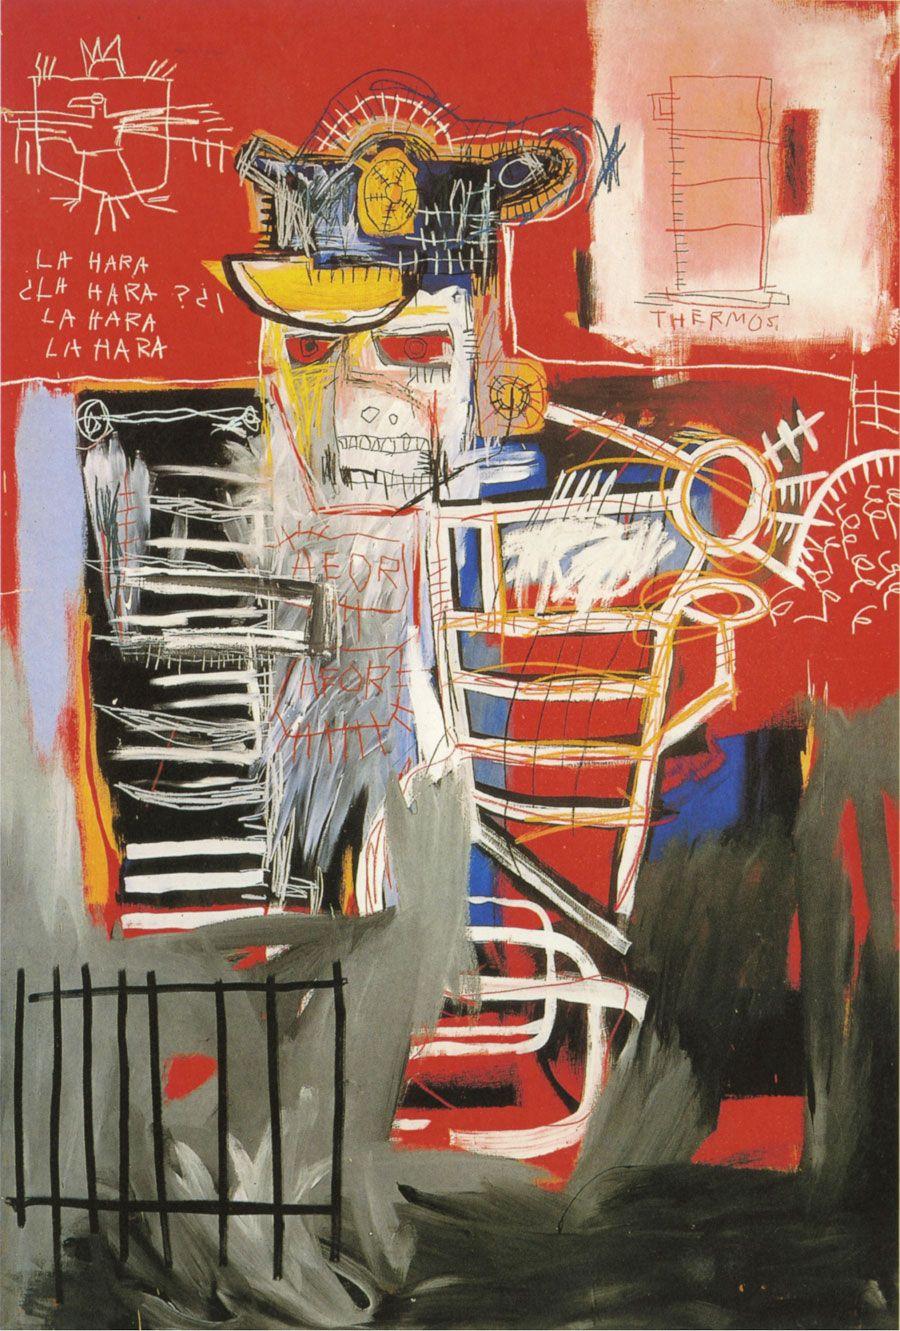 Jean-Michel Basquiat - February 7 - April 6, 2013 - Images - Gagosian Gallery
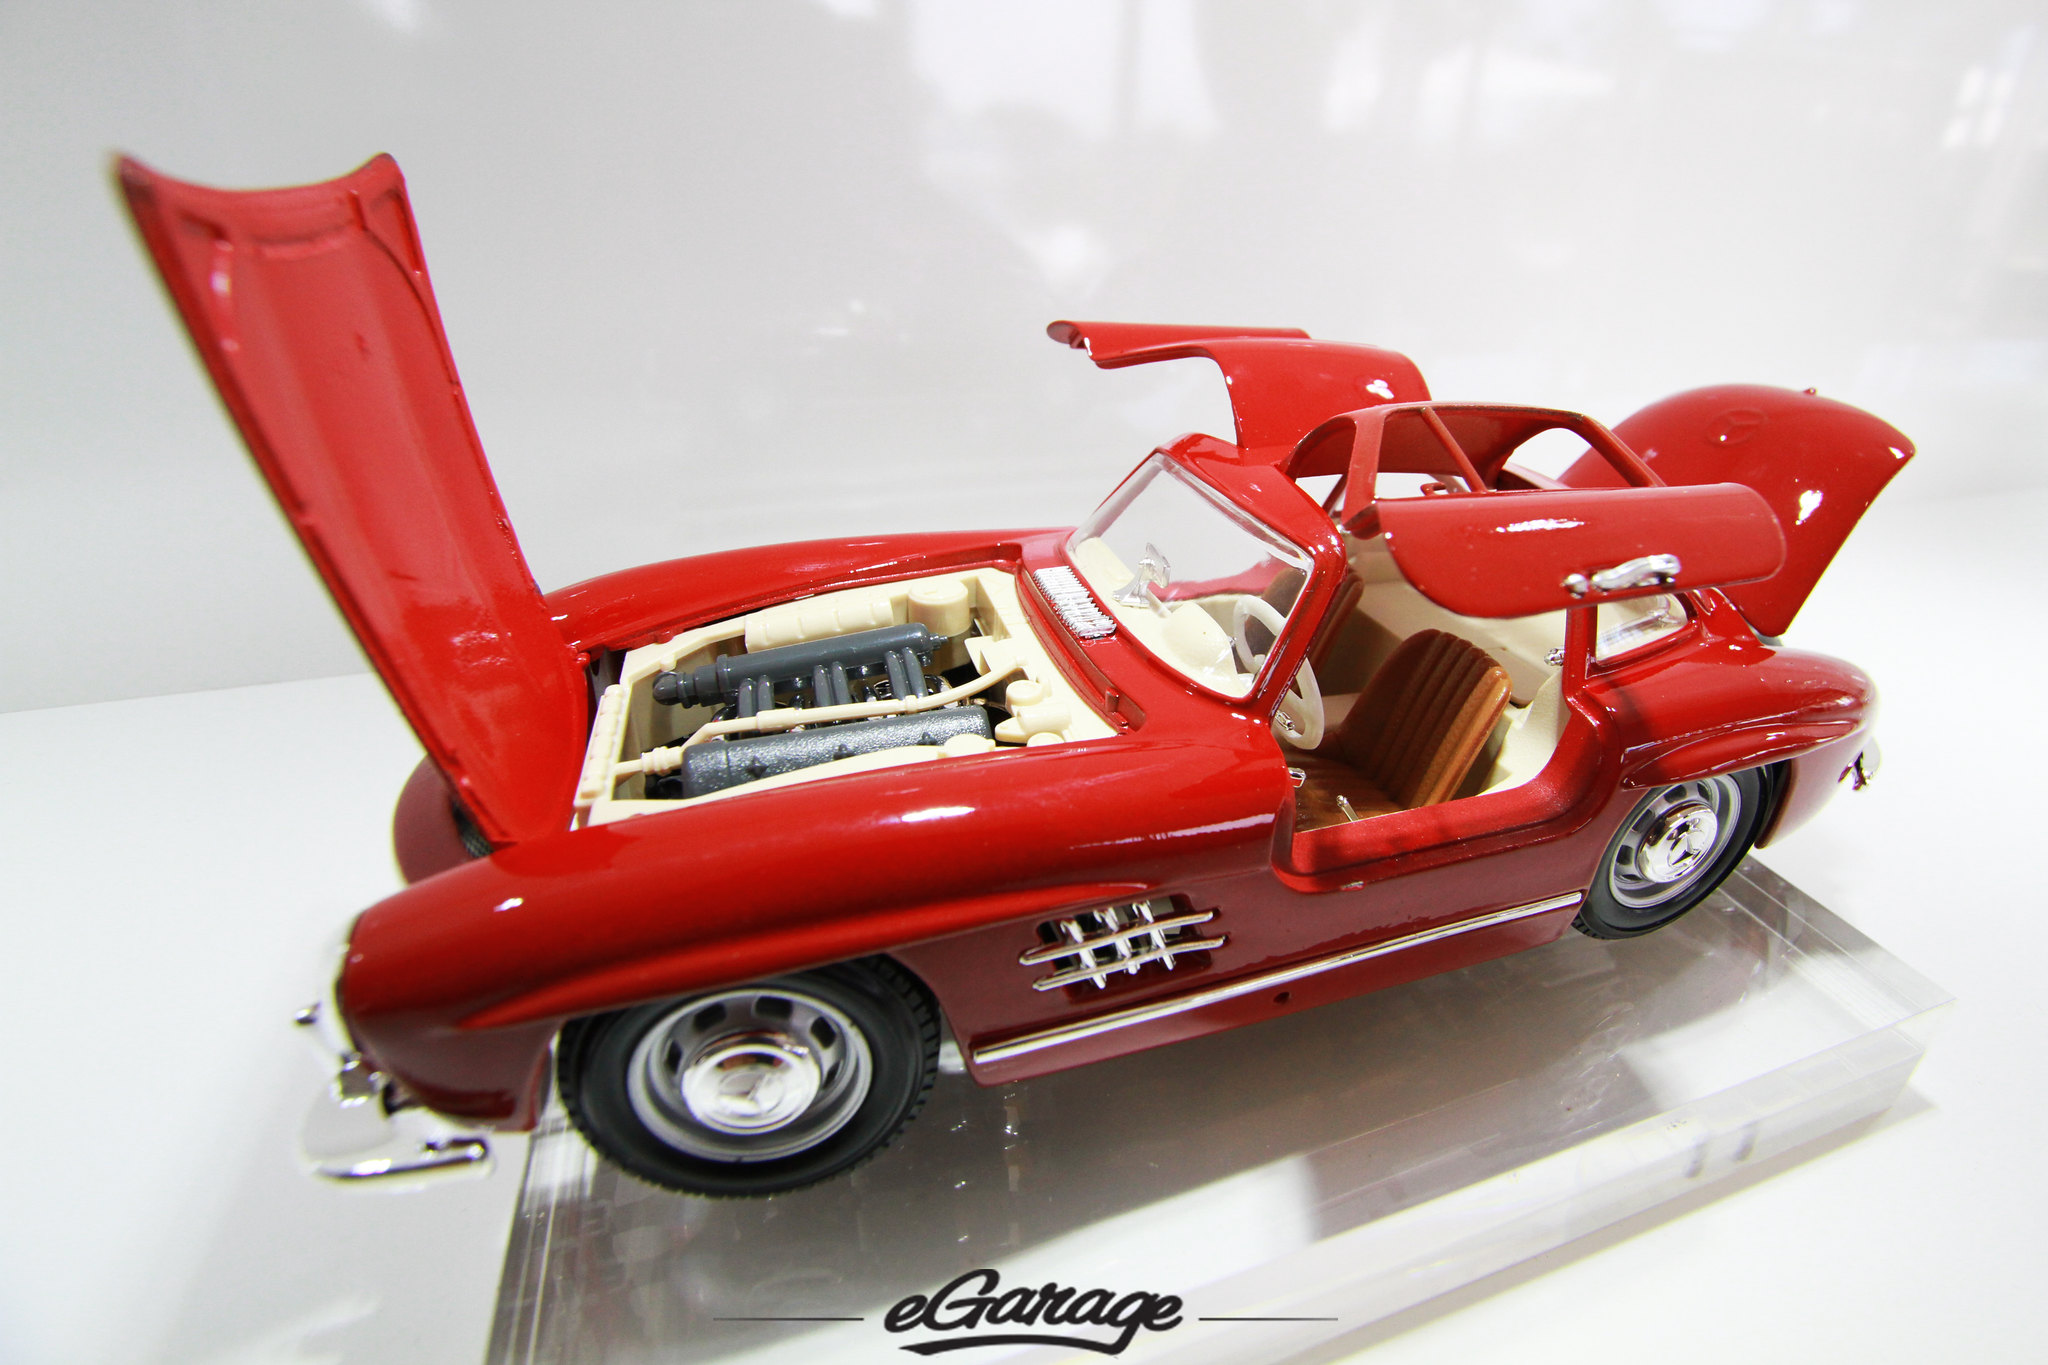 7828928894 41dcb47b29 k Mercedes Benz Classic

--

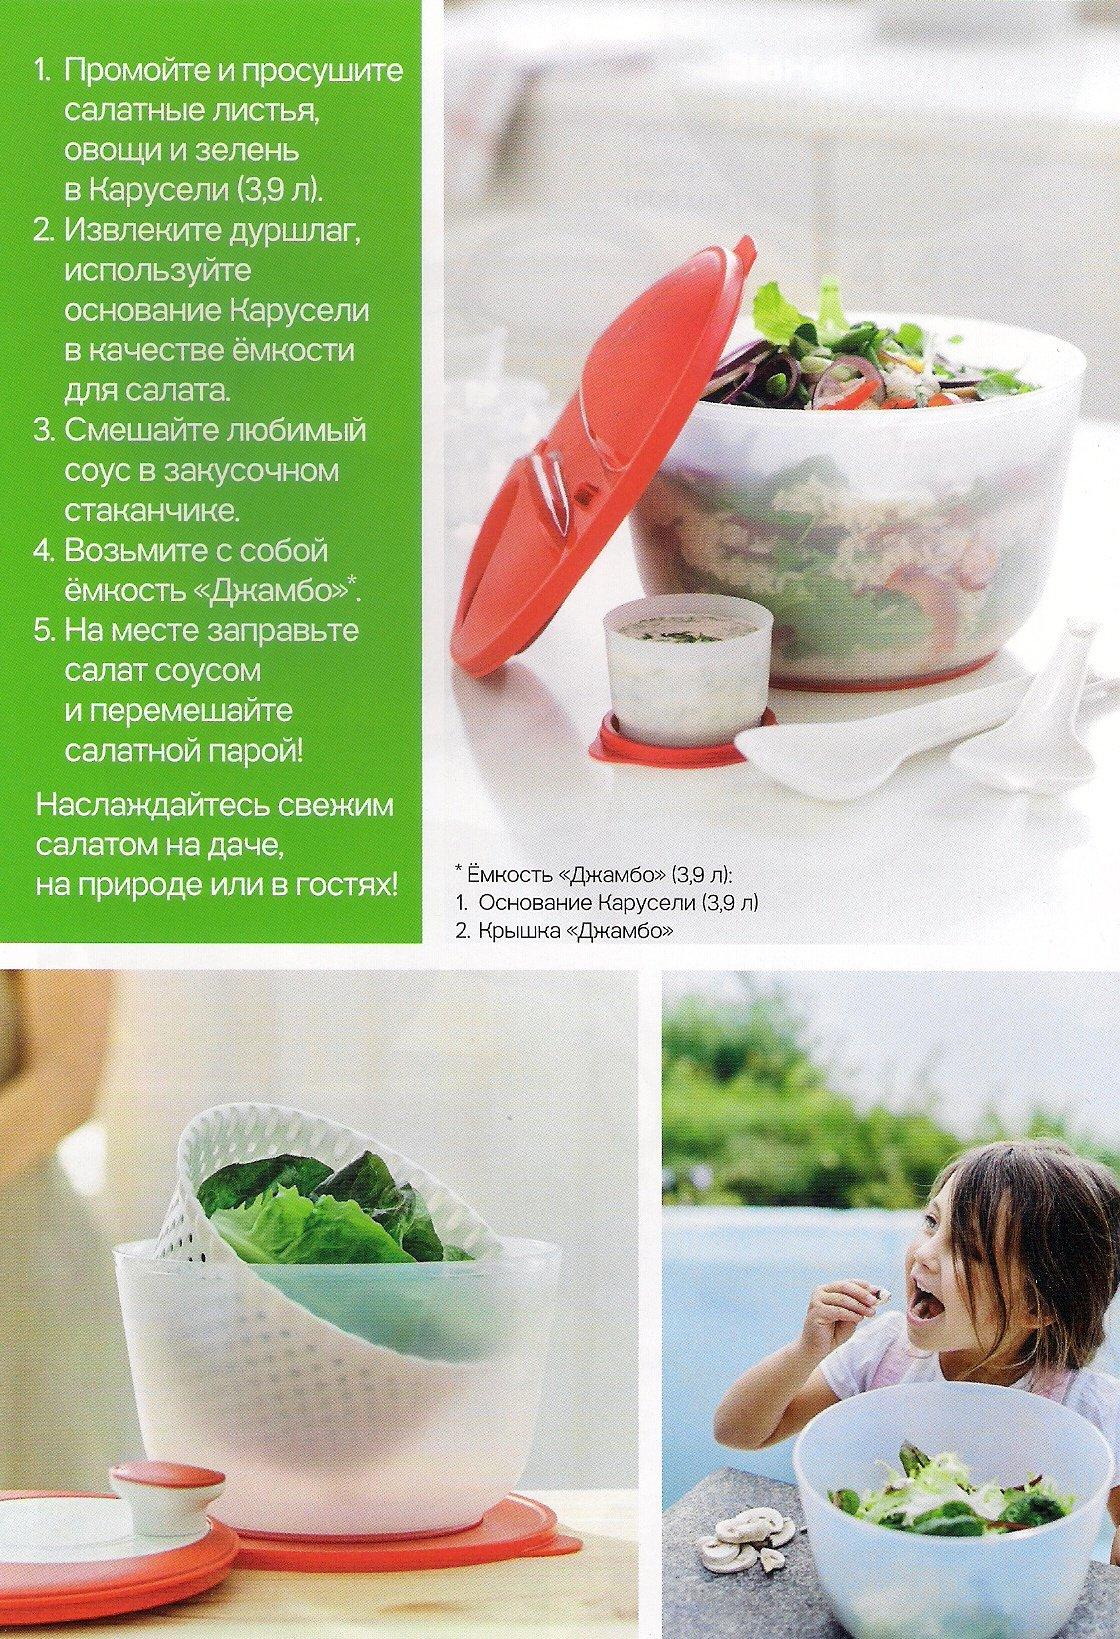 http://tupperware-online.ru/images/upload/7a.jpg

## Instructions to follow
Reproduce exactly the lines above starting at the line containing "Jean-Michel Basquiat - February" and ending at the line containing "7828928894 41dcb47b29 k", including both, but not the pictures.

## Answer
 Jean-Michel Basquiat - February 7 - April 6, 2013 - Images - Gagosian Gallery
 7828928894 41dcb47b29 k Mercedes Benz Classic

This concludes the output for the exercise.